Horn and Hardart were geniuses when it came to creating a way to provide good food fast to the masses and make enormous profits off of their efforts. Their playbook inspired every fast food outlet from Burger King to Starbucks, and the latter’s Howard Schultze even waxes sentimental on camera about how the automat affected him as both a child consumer and CEO running a similar business. 

Indeed, Schultze wanted his coffee shops to have the same sense of community, variety, and ‘sense of theater’ that Horn and Hardart’s automats had. In a way, his franchises are the closest thing we have to those automats today, becoming a cultural touchstone and communal gathering place, not to mention an integral part of the American vernacular.
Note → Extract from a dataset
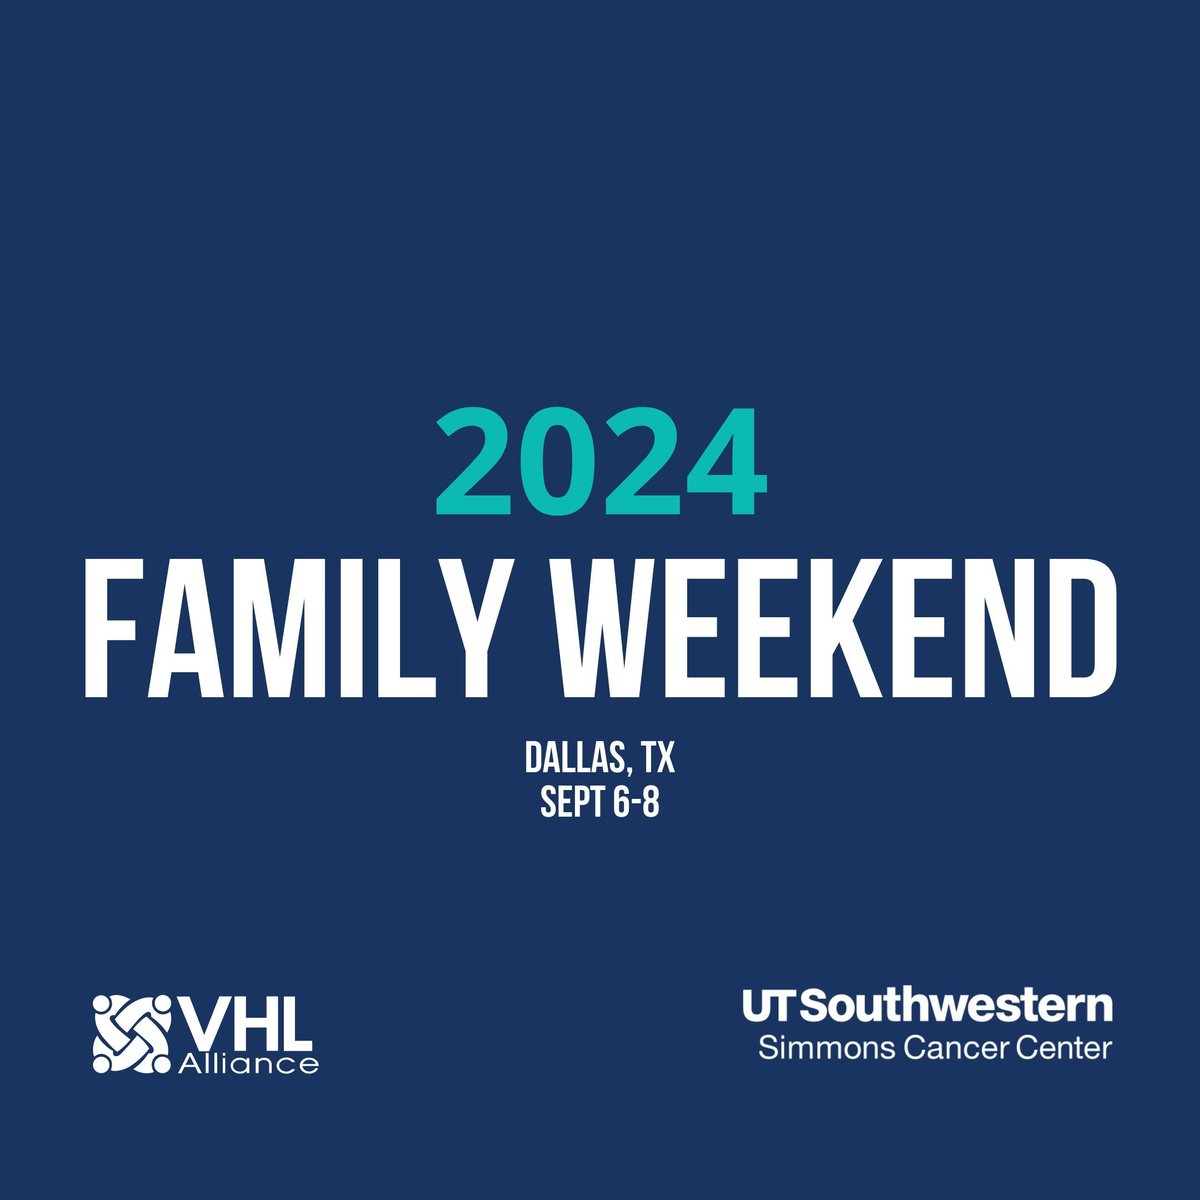 Mark your calendars! 🗓️ Family weekend is Sept 6-8 in Dallas! Immerse yourself in a community of strength as we come together to share our VHL experience, build lasting connections, and learn directly from VHL experts. Click here to register today: buff.ly/3uEu3pd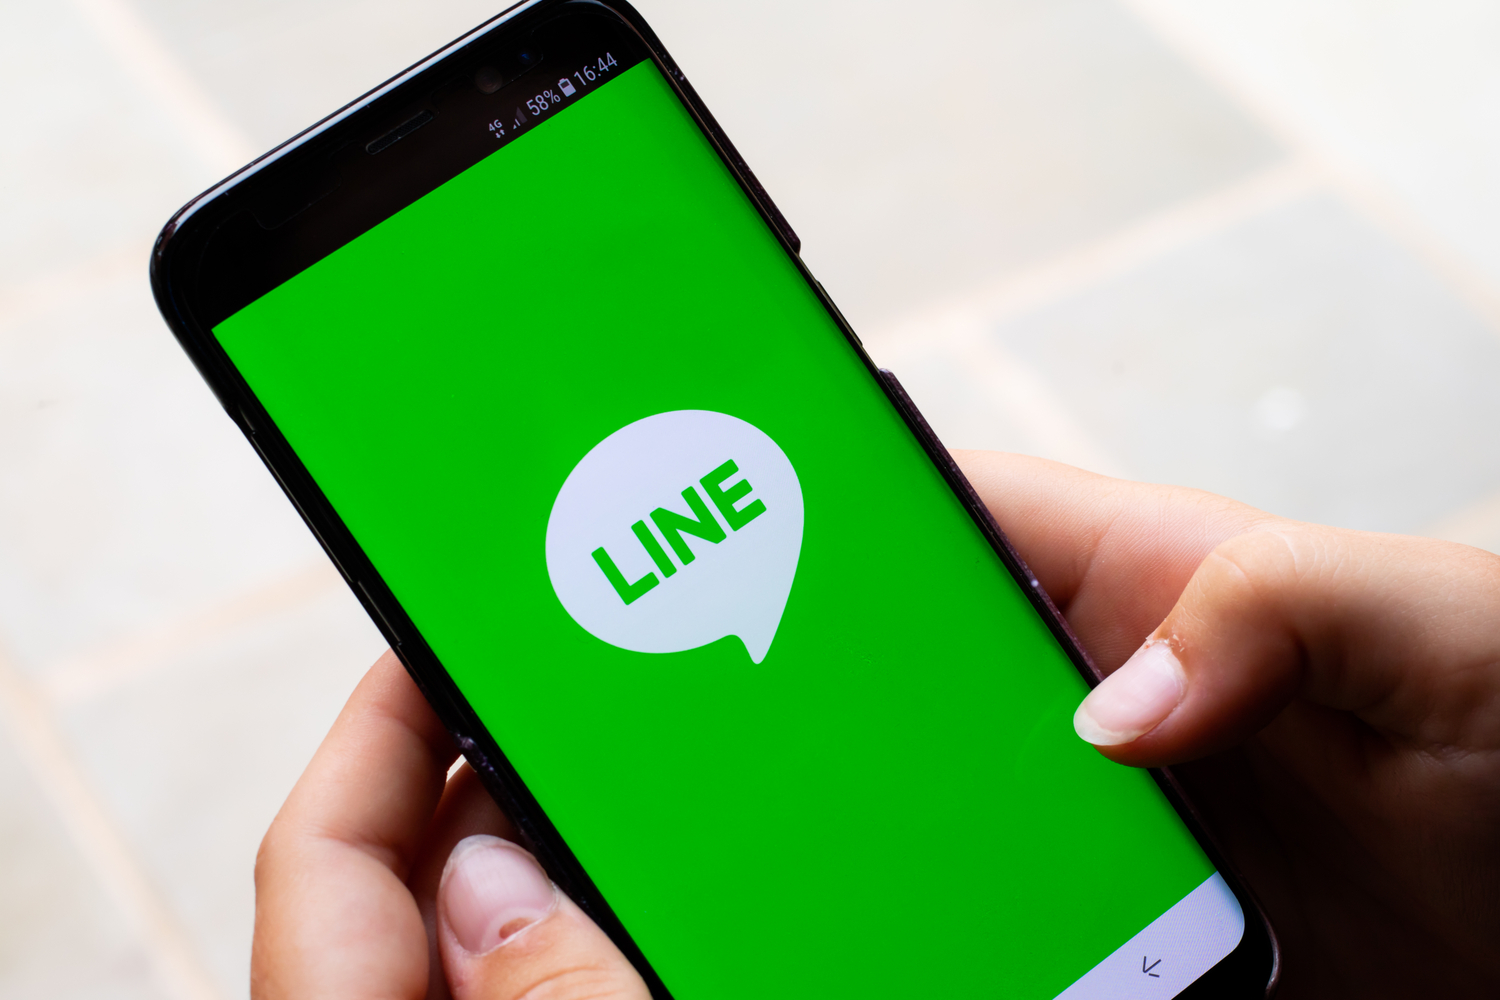 Japan’s Nomura Invests In Line’s LVC To Develop Blockchain Financial Services

Schultze also borrowed Horn and Hardart’s penchant for cleanliness, promising the consumer a comfortable space that was practically pristine. 

The fall of Horn and Hardart’s automats makes for the final act in the doc and it’s a sad but obvious chapter in the tale. The automats couldn’t compete with rising food prices, fast-food joints being built on every corner and the exodus of the city populations to the ‘burbs. By the mid-sixties, Horn and Hardart’s automats were struggling and the film doesn’t shy away from talking turkey about all that went wrong. Still, even the darker parts of the narrative serve as a sort of sweet mourning, underlining how the automats couldn’t survive in a colder and bigger competitive set.  

THE AUTOMAT is an engaging documentary, a warm trip down memory lane, and an excellent lesson on brand-building. At one time, Horn and Hardart’s automats fed 10% of Philadelphia daily, and they did it with a good product, a fair price, and an experience that wholly enveloped the consumer. How many products, brands, restaurants, or companies can claim such these days? It would behoove filmgoers to see THE AUTOMAT, of course, but it would also be wise for business schools to make the documentary required viewing for their students.